Covid/Flu Forecasting | Richard Zhuang

TL;DR: Real-world forecasting is so much more troublesome yet fun!

Throughout the internship I found quite a few surprising tricks that really improve forecast drastically. These below are valuable, problem-and-context-specific observations that I would unlikely to experience on a regular Time Series class with friendly datasets!

Magic trick #1: Geo-pooling (jointly training time-series models on data from multiple locations, equivalent to concatenating the feature and response vector if we are talking about regressions)

For context, I was fitting ARX model that used Covid case rate to predict death rate (measured as number of case/death per 100,000).

Before geo-pooling:

After: (Credit to my friend and colleague Ryan Nayebi)

With data from multiple location the forecasts are becoming much more robust.

Magic Trick #2: Fourier Series

This time I am dealing with hospital admission rate for Flu. It turns out that traditional ETS methods does not support data with long seasonal periods (ETS requires an initial coefficient estimate for every phase of the period; our Flu data is weekly with an annual cycle which gives a period of 52 and results in too many coefficients for stable training).
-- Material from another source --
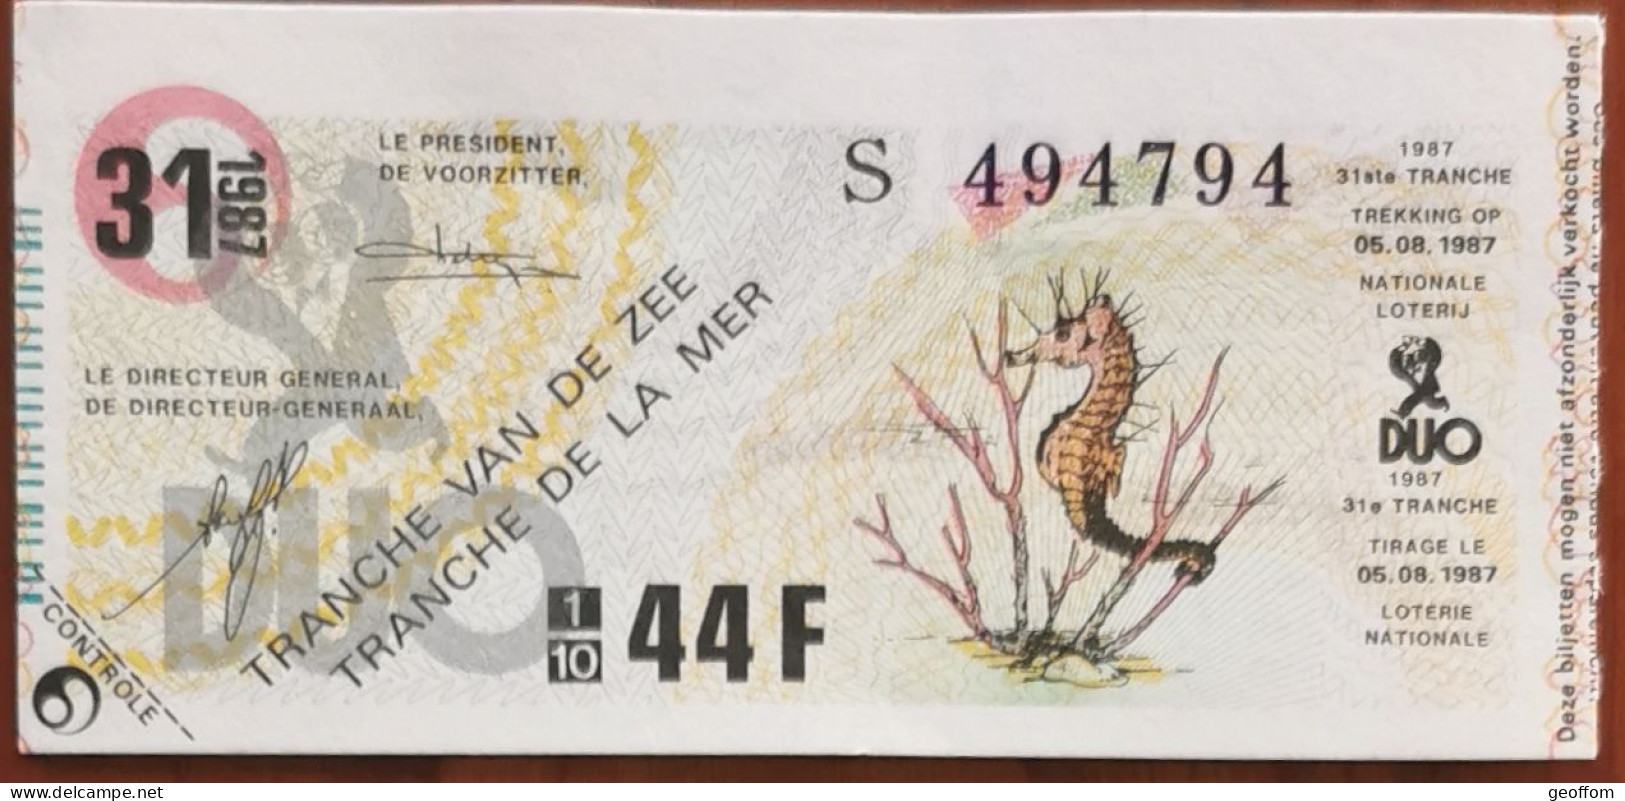 Billet De Loterie Nationale Belgique 1987 31e Tranche De La Mer- 5-8-1987 - Billetes De Lotería
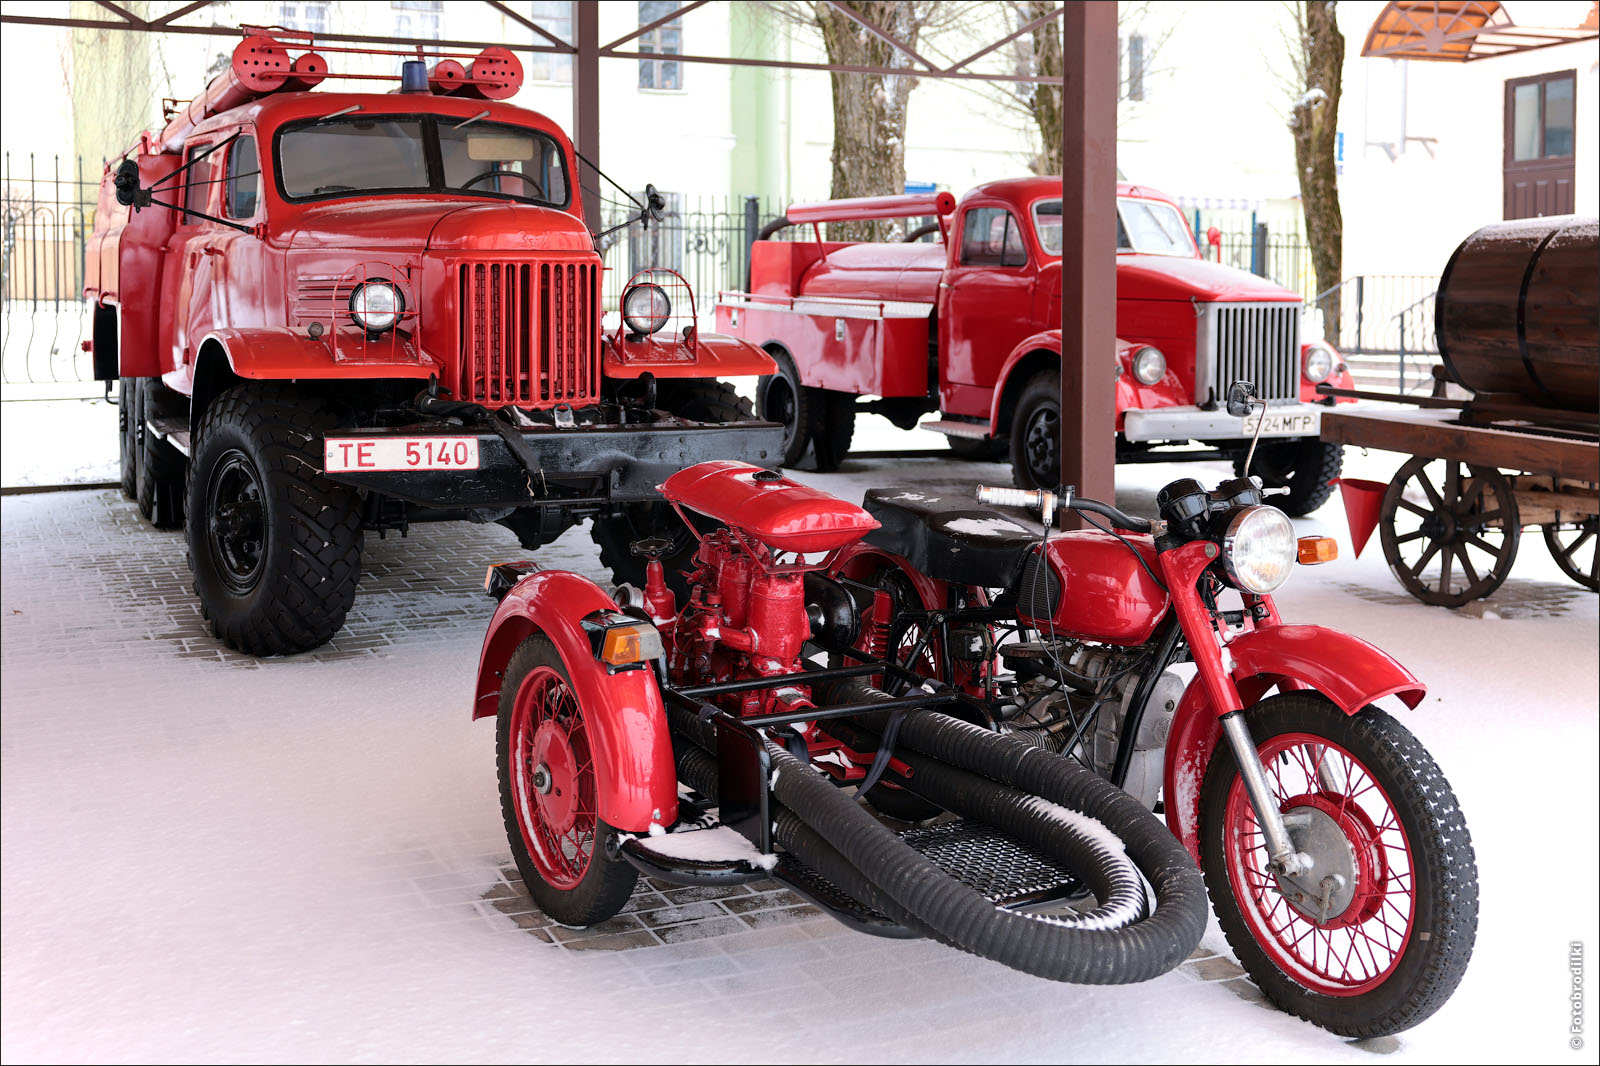 Мотоцикл Днепр с коляской, пожарный ЗИЛ-151 и цистерна ГАЗ-51, Могилев, Беларусь

Instead, I adopt a method from this Rob Hyndman post and used 8 Fourier series as exogenous features which brought seasonality back to the stage.

Before (with ETS):

After:

Magic Trick #3: Signal Preprocessing (of course of course)

In this project, my task is to reproduce the data preprocessing steps of Flusion, the winning model for last year’s Flu forecasting competition. To my surprise (again), one of their main efforts is integrating and stabilizing various data sources.

Some examples:

In my Time Series class, I remembered getting exposure to many fancy models, but this specific experience helps me reinforce the importance of data quality - garbage in, garbage out!